▸ **Task statement**: Leave the pictures out and repeat the rest of the data below exactly.

▸ **Collected data**:
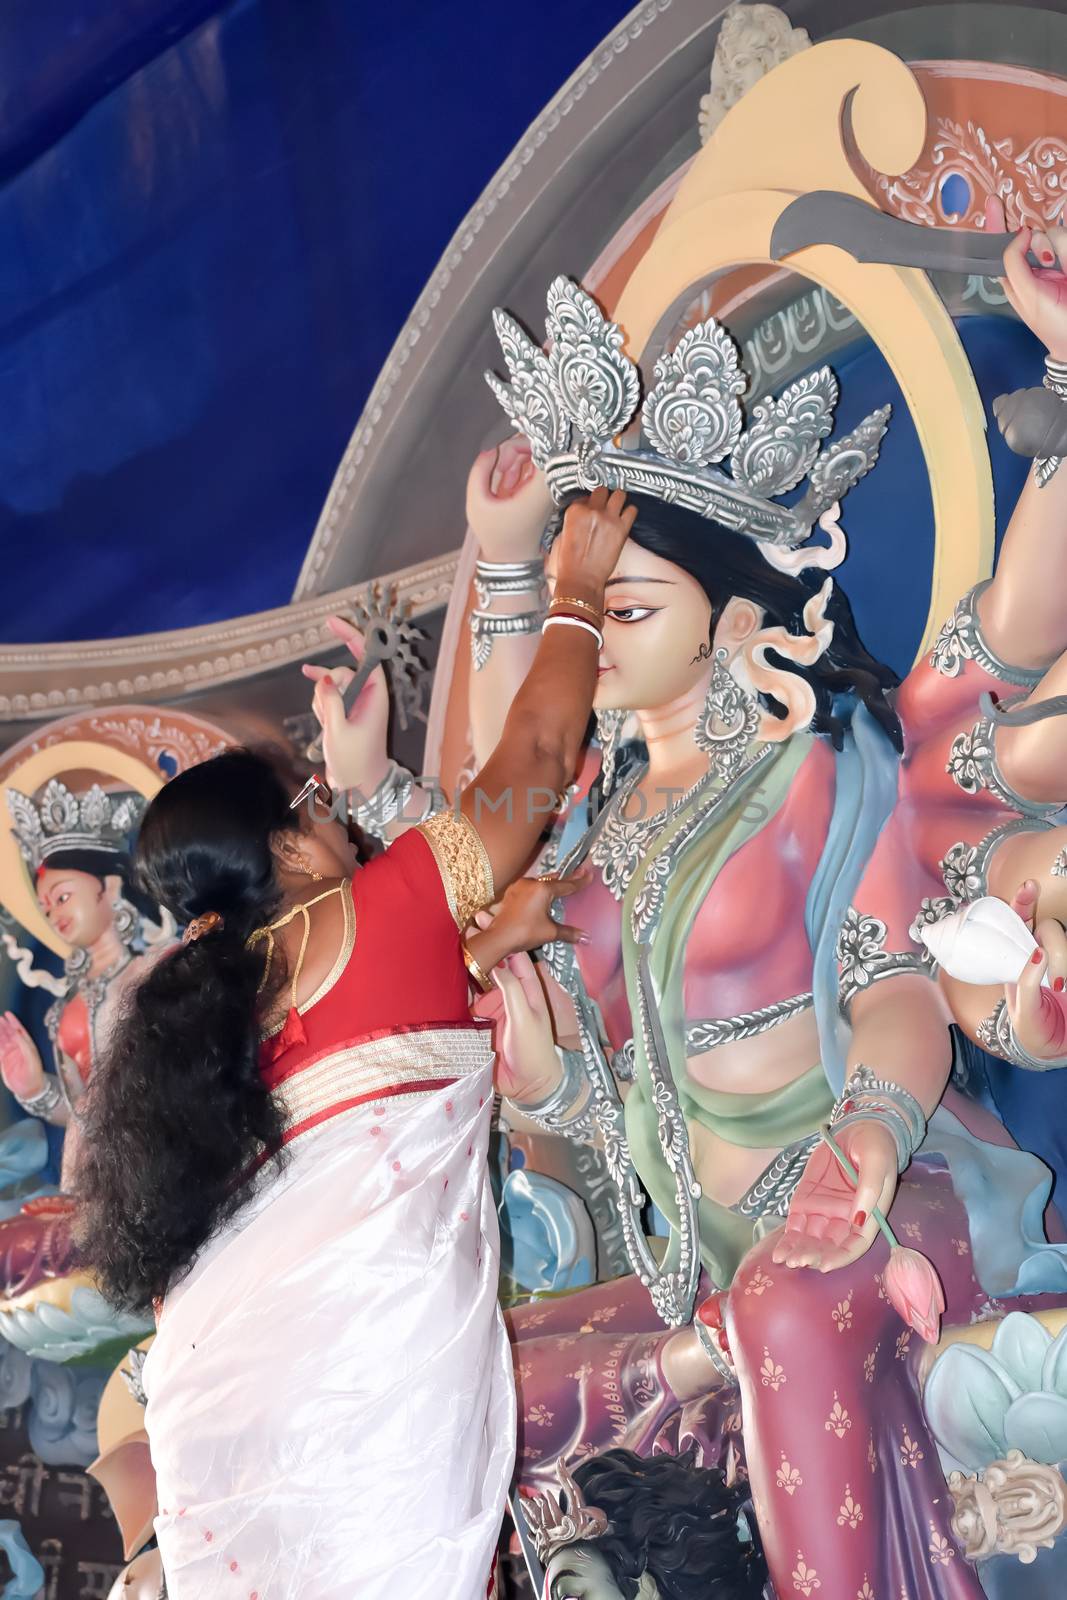 Kolkata October 2019 - Maa Durga Debi boron is done by a Hindu devotee at Vijaya Dashami, the last day of Durga puja Festival. Sindoor Khela is a bidding adieu ritual to bid farewell to the deity.
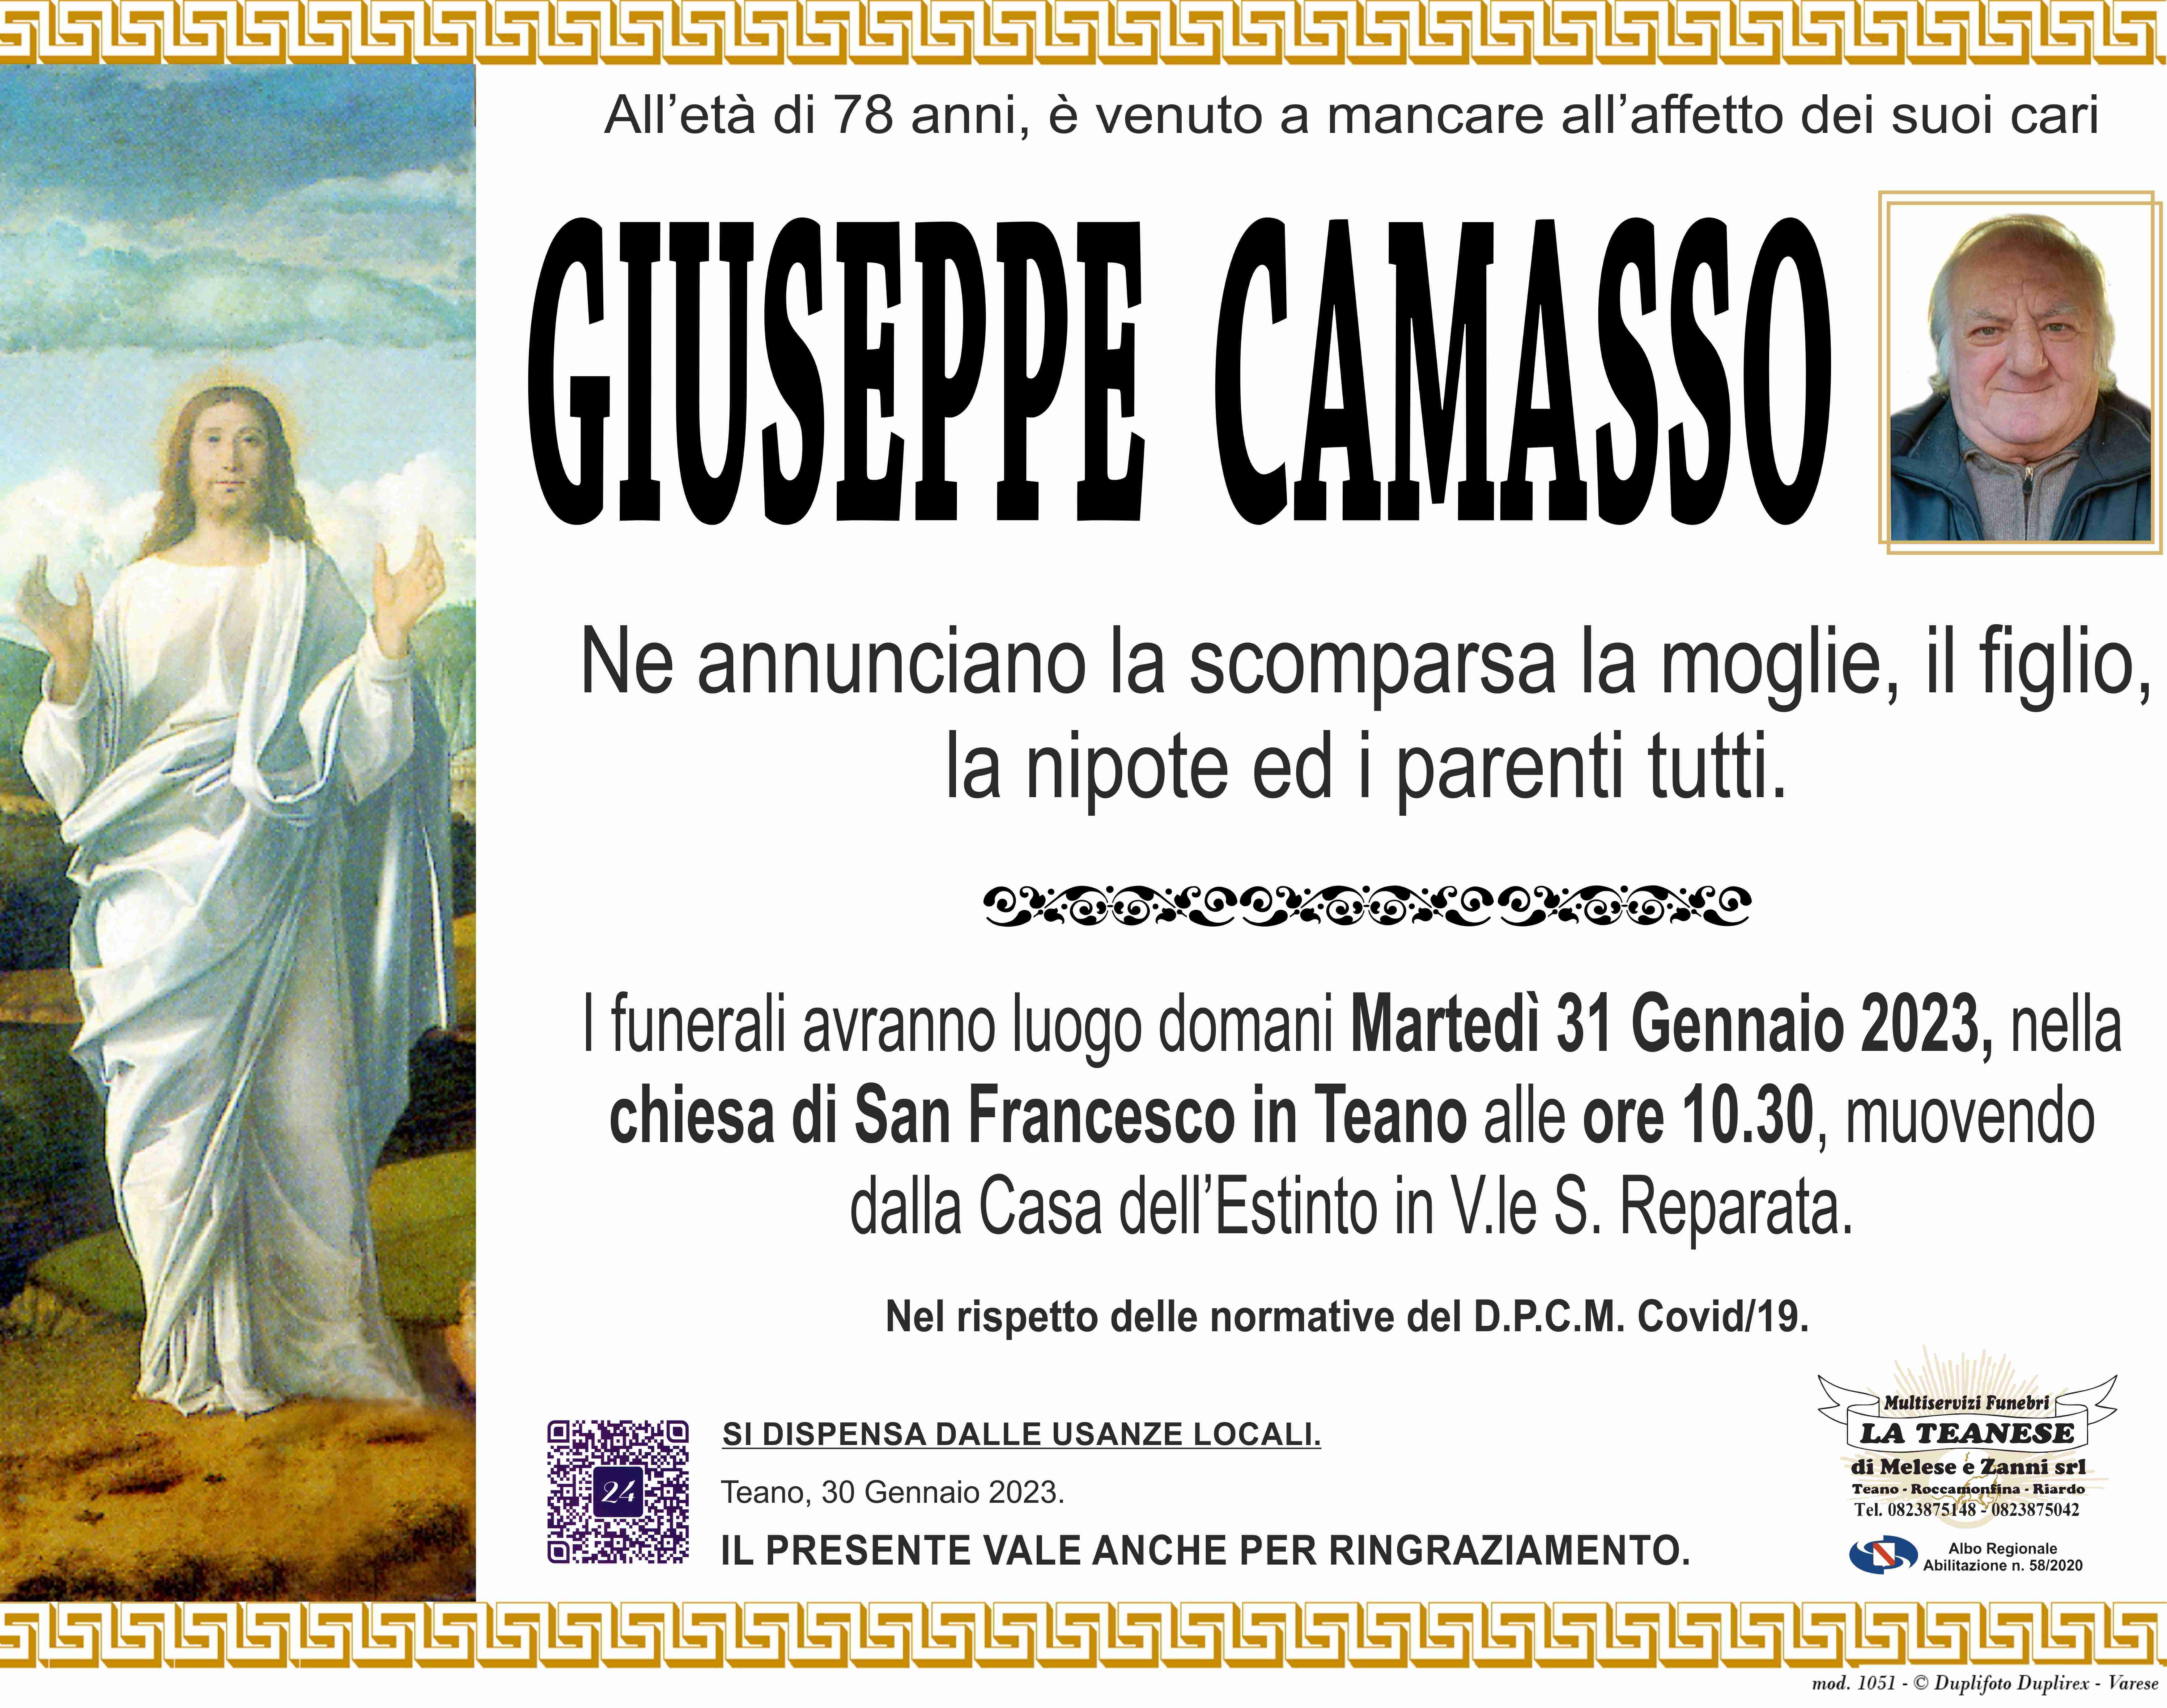 Giuseppe Camasso
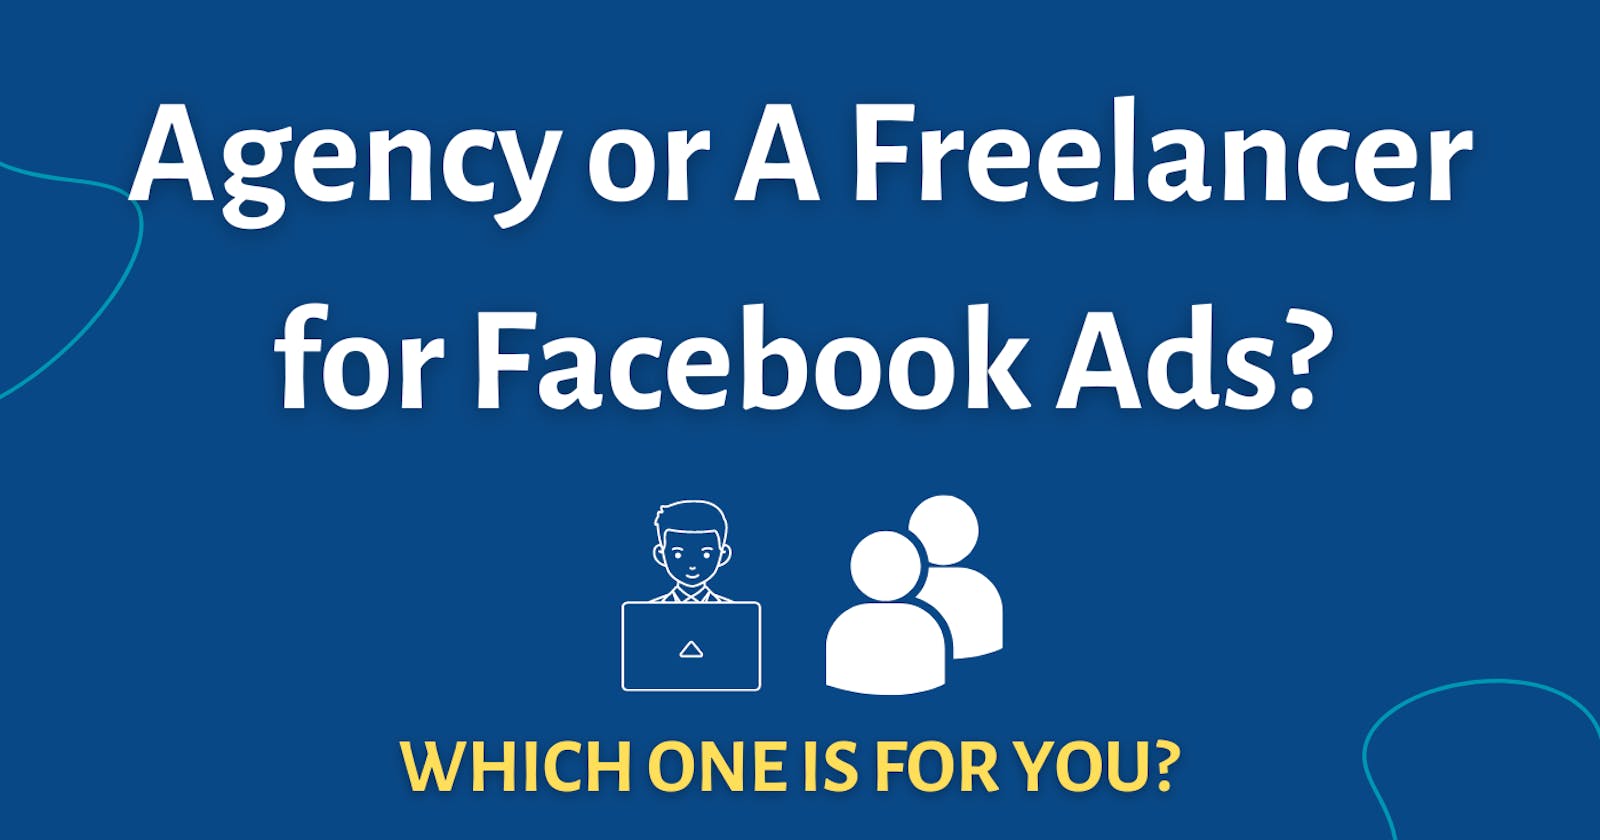 Agency or A Freelancer for Facebook Ads?
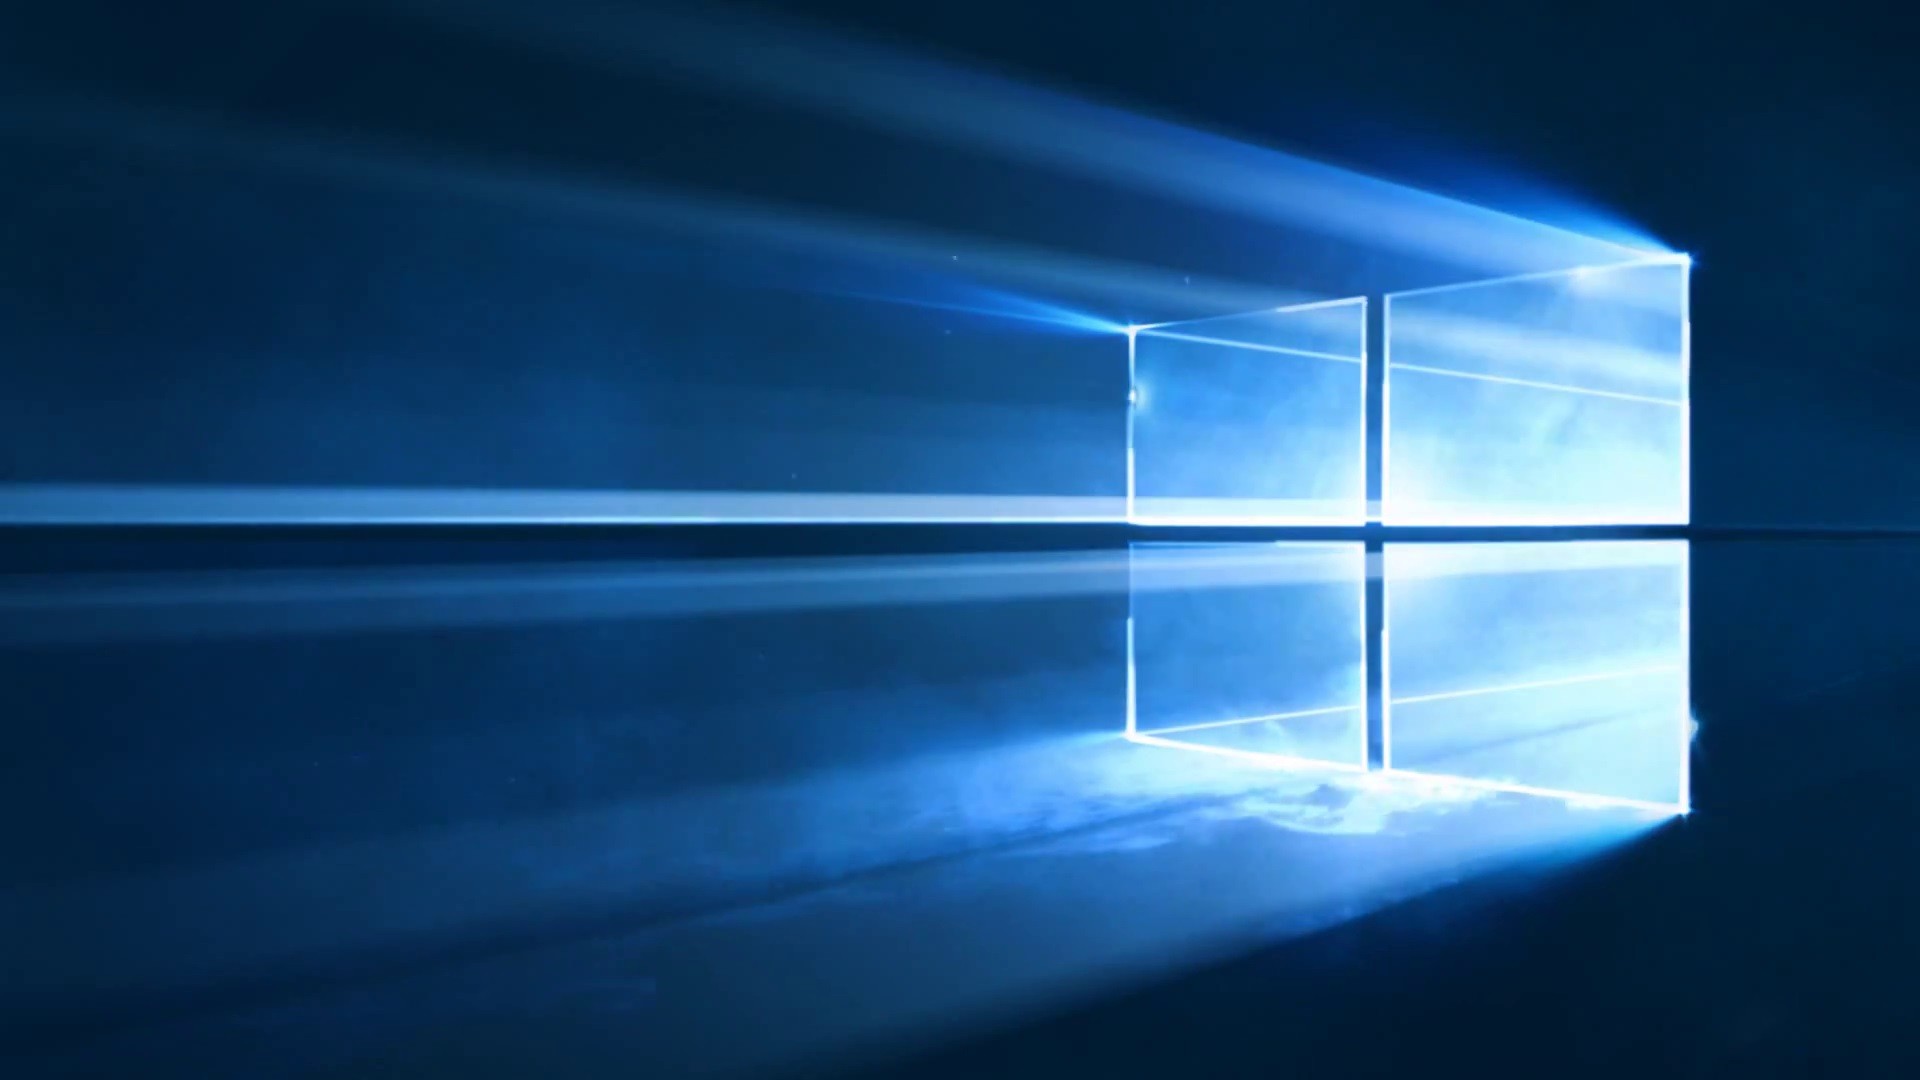 Бесплатное обновление до Windows 10 все еще возможно, ограничение по времени — рекламный ход - 1

▸ **Output of the task**:
 Kolkata October 2019 - Maa Durga Debi boron is done by a Hindu devotee at Vijaya Dashami, the last day of Durga puja Festival. Sindoor Khela is a bidding adieu ritual to bid farewell to the deity.
 Giuseppe Camasso
 Agency or A Freelancer for Facebook Ads?
 Бесплатное обновление до Windows 10 все еще возможно, ограничение по времени — рекламный ход - 1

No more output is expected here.